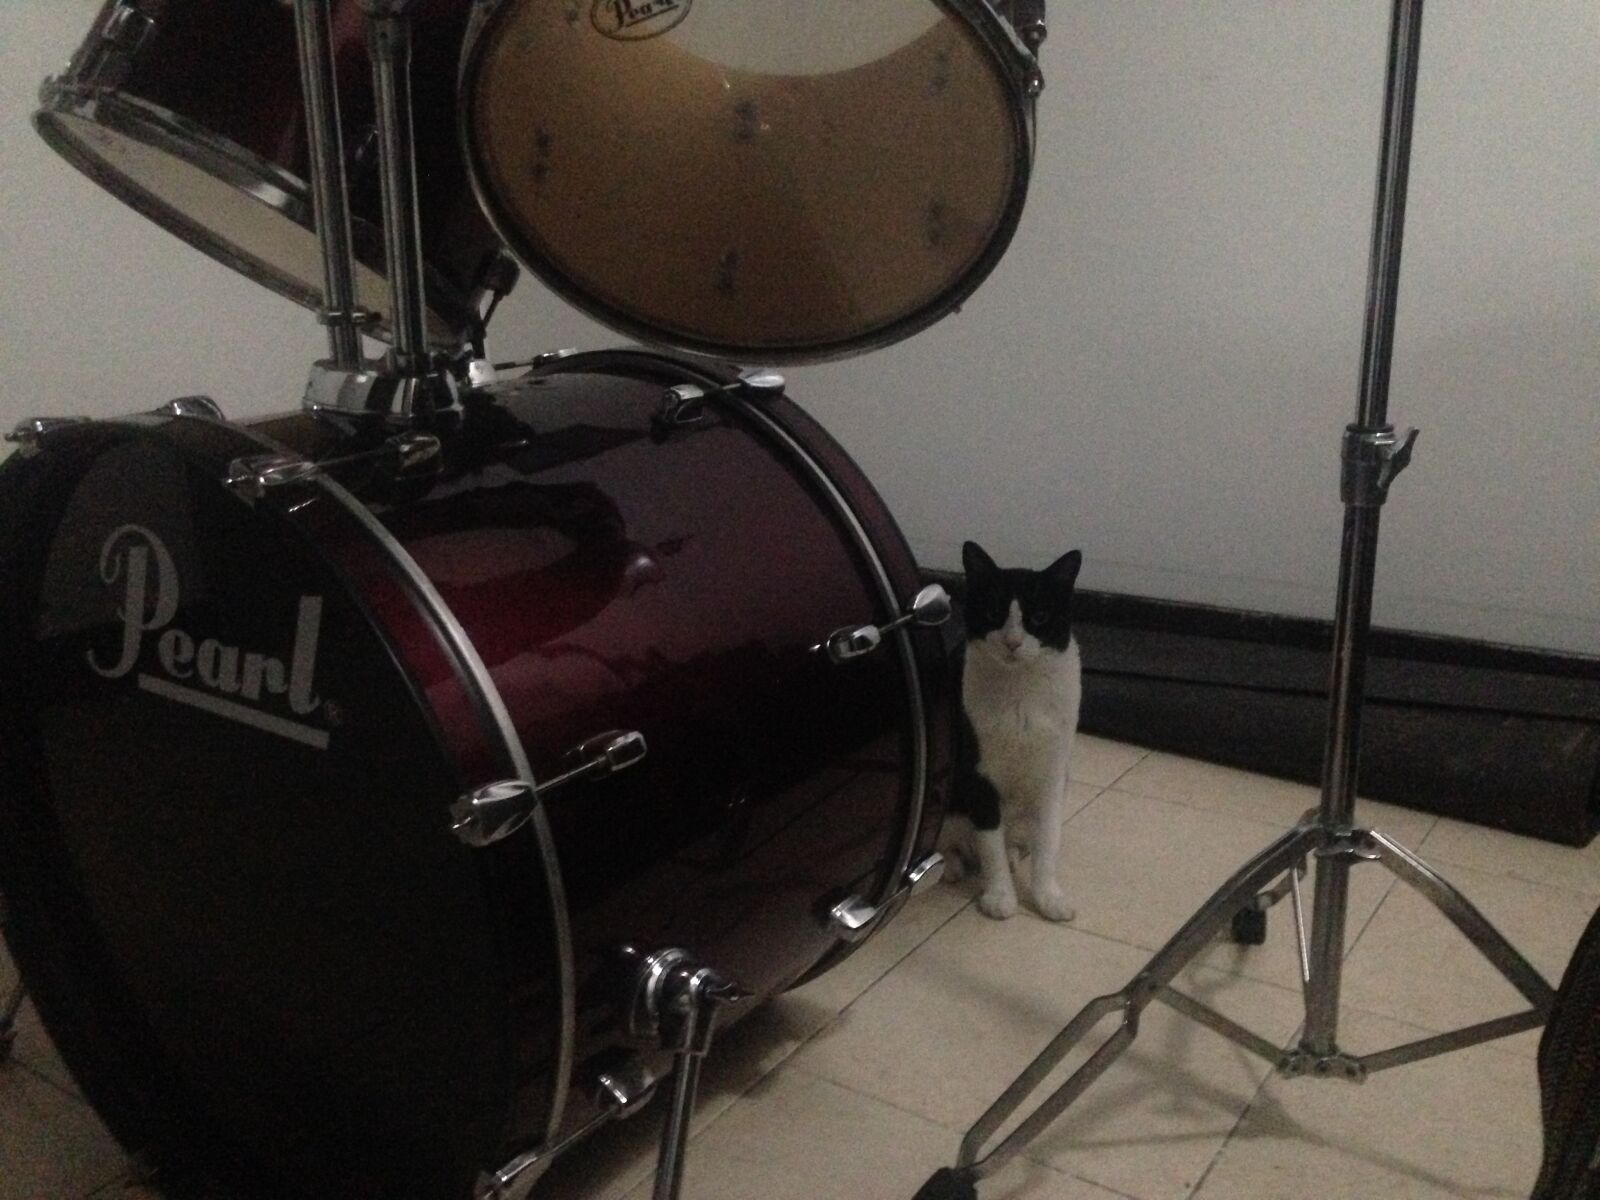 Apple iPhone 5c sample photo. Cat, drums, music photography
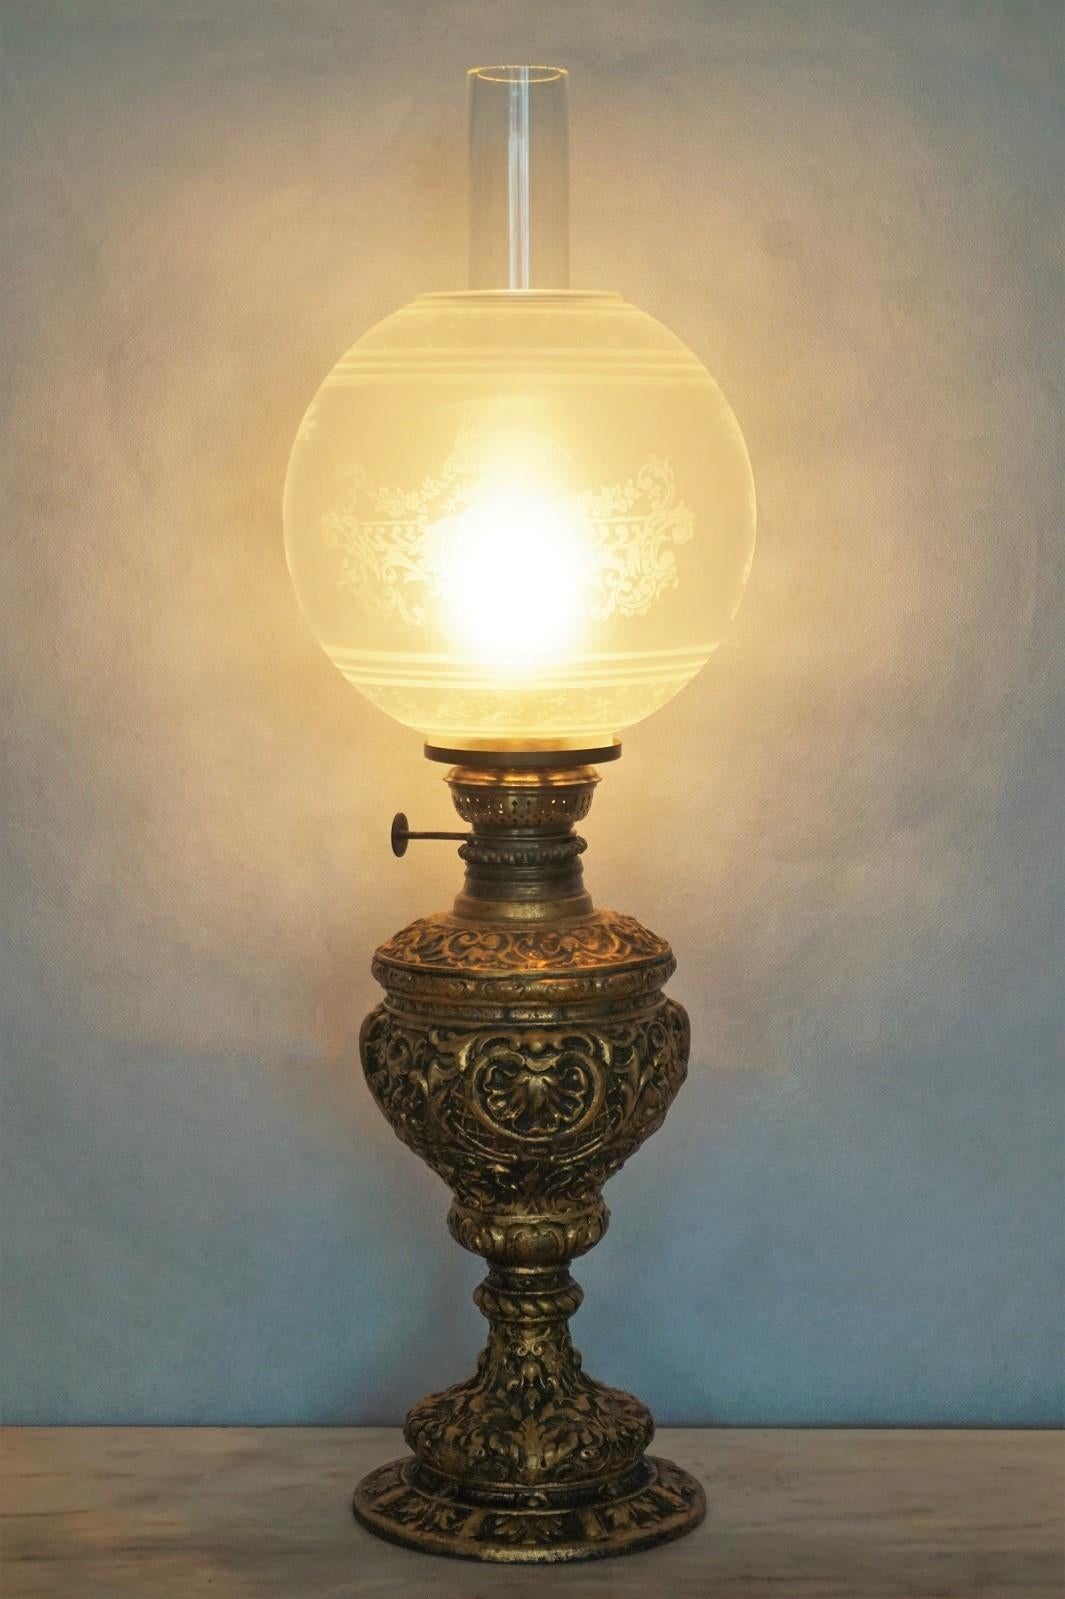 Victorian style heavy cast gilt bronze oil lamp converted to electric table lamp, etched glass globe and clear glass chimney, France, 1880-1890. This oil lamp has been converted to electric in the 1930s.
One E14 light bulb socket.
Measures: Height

######

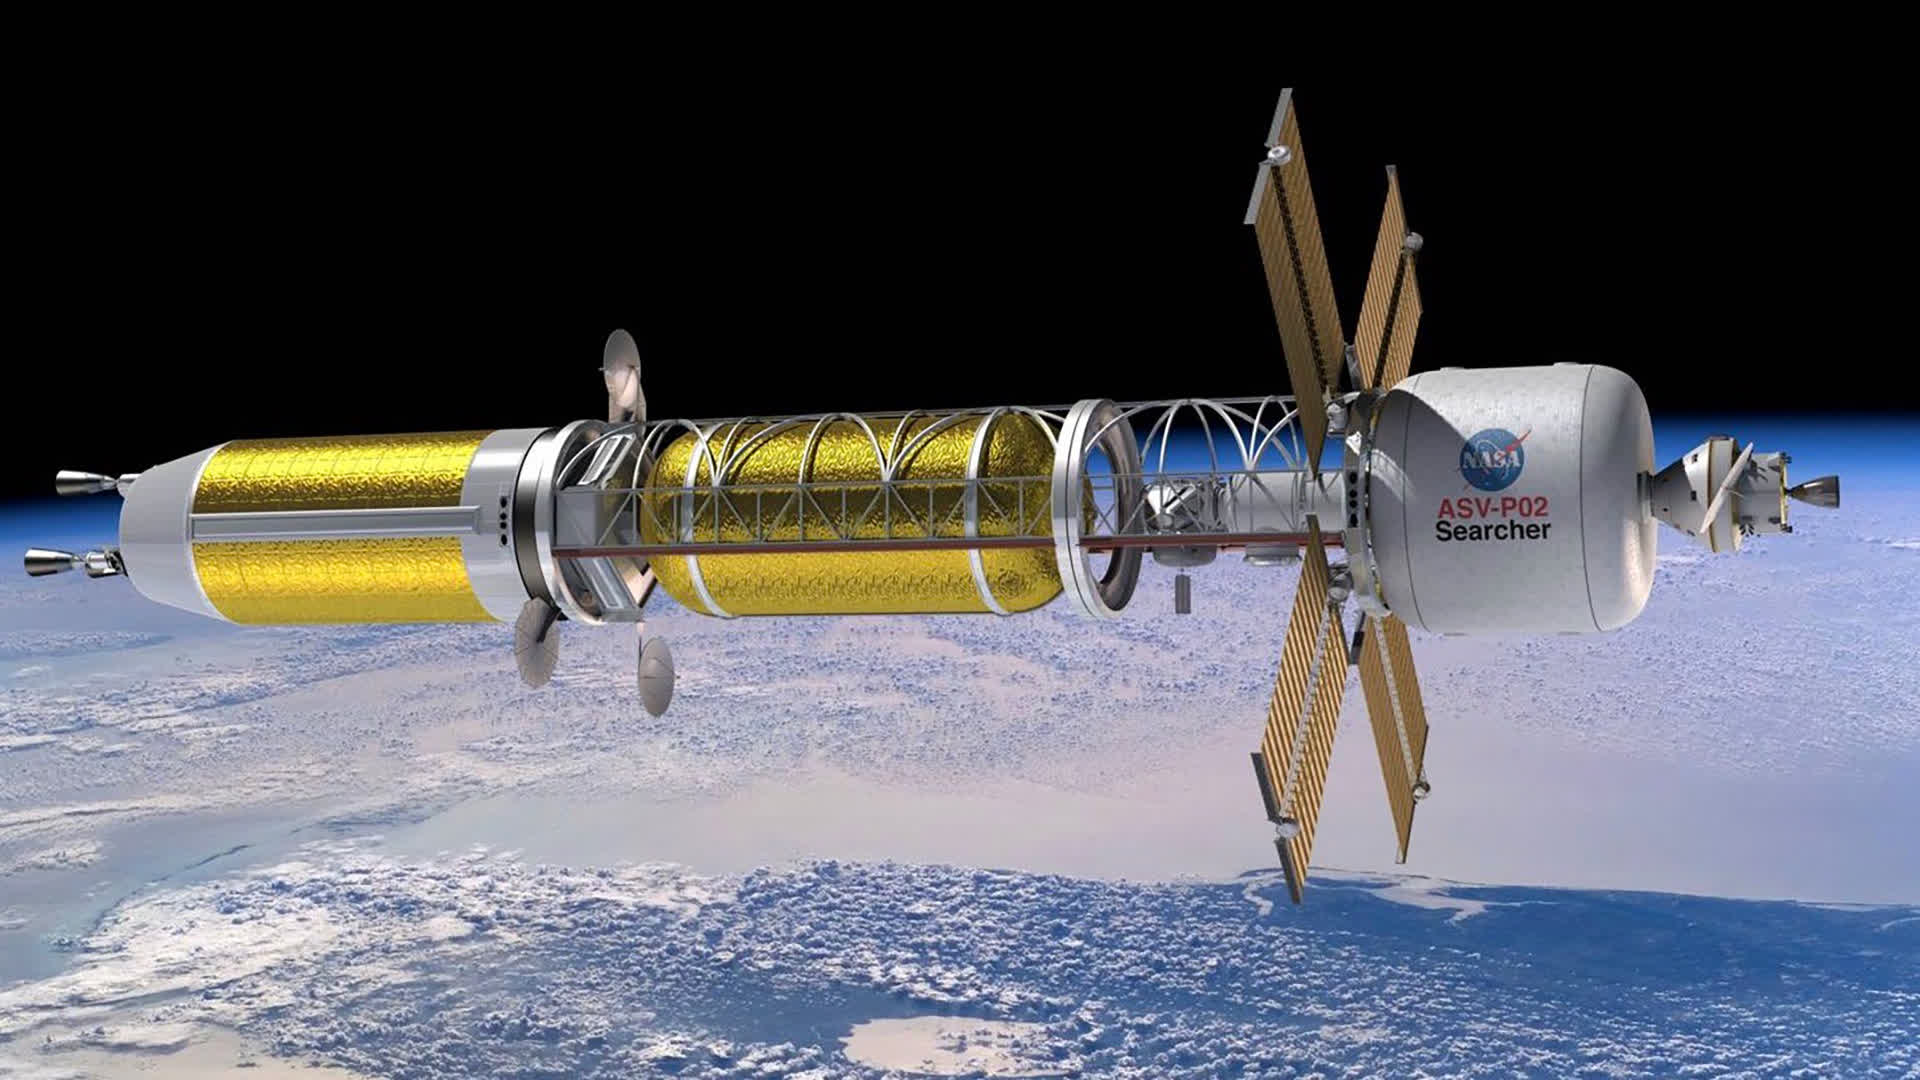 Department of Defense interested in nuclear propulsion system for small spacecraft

######

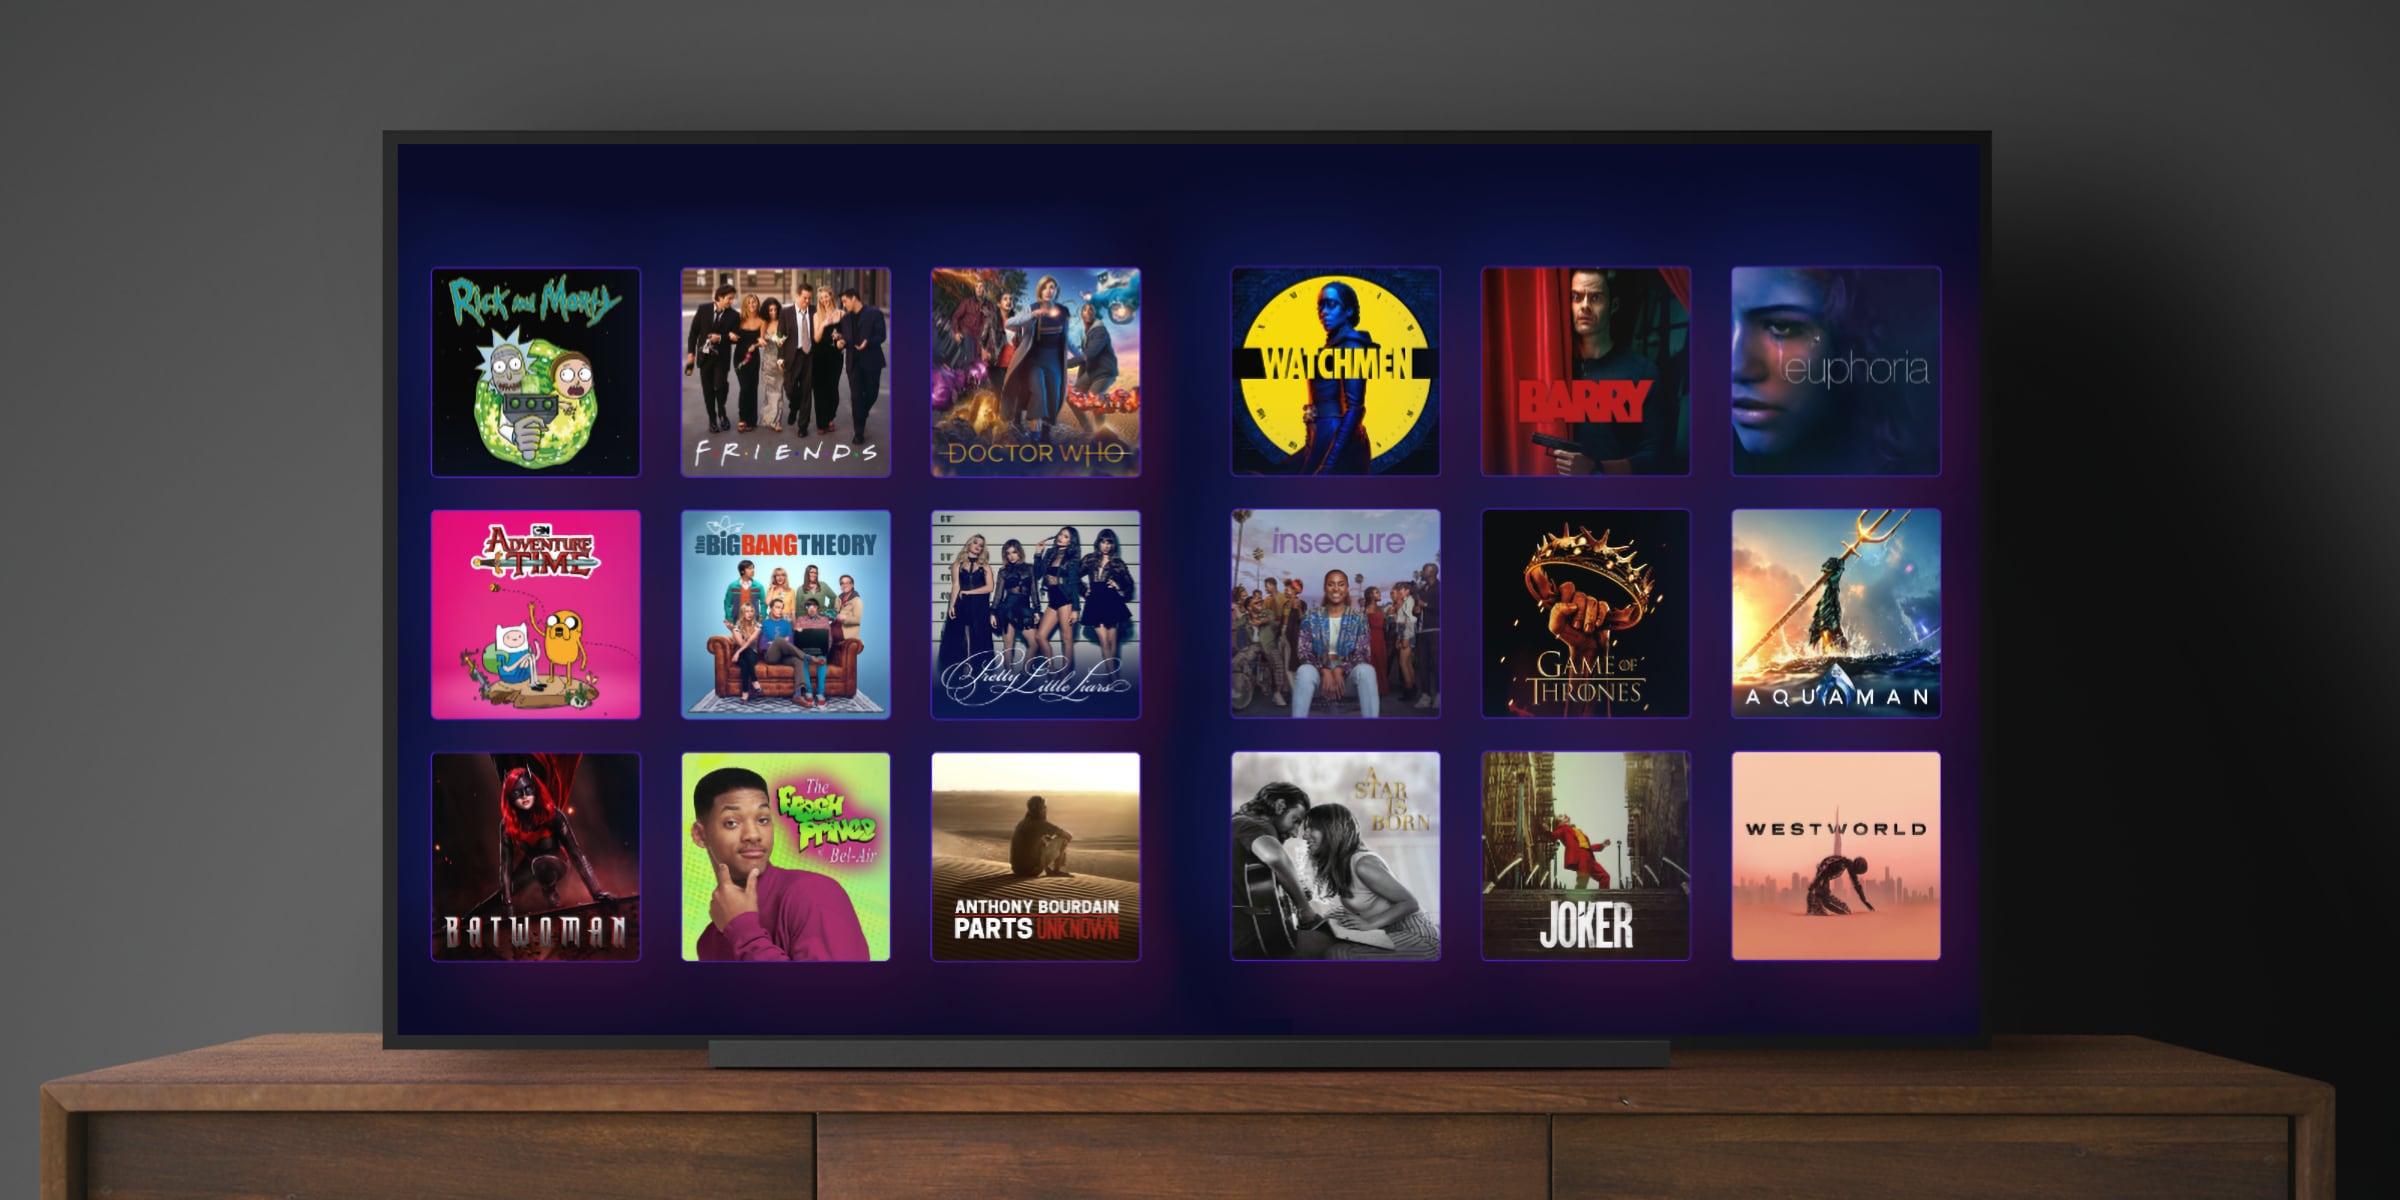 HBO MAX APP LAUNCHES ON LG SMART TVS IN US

######

**Problem to work on**
Keep to the stretch from the line containing "Apple iPhone 5c" through the line containing "Measures: Height", both ends included, and copy it exactly from the listing above, minus the pictures.

**Exercise solution**
 Apple iPhone 5c sample photo. Cat, drums, music photography
 Victorian style heavy cast gilt bronze oil lamp converted to electric table lamp, etched glass globe and clear glass chimney, France, 1880-1890. This oil lamp has been converted to electric in the 1930s.
One E14 light bulb socket.
Measures: Height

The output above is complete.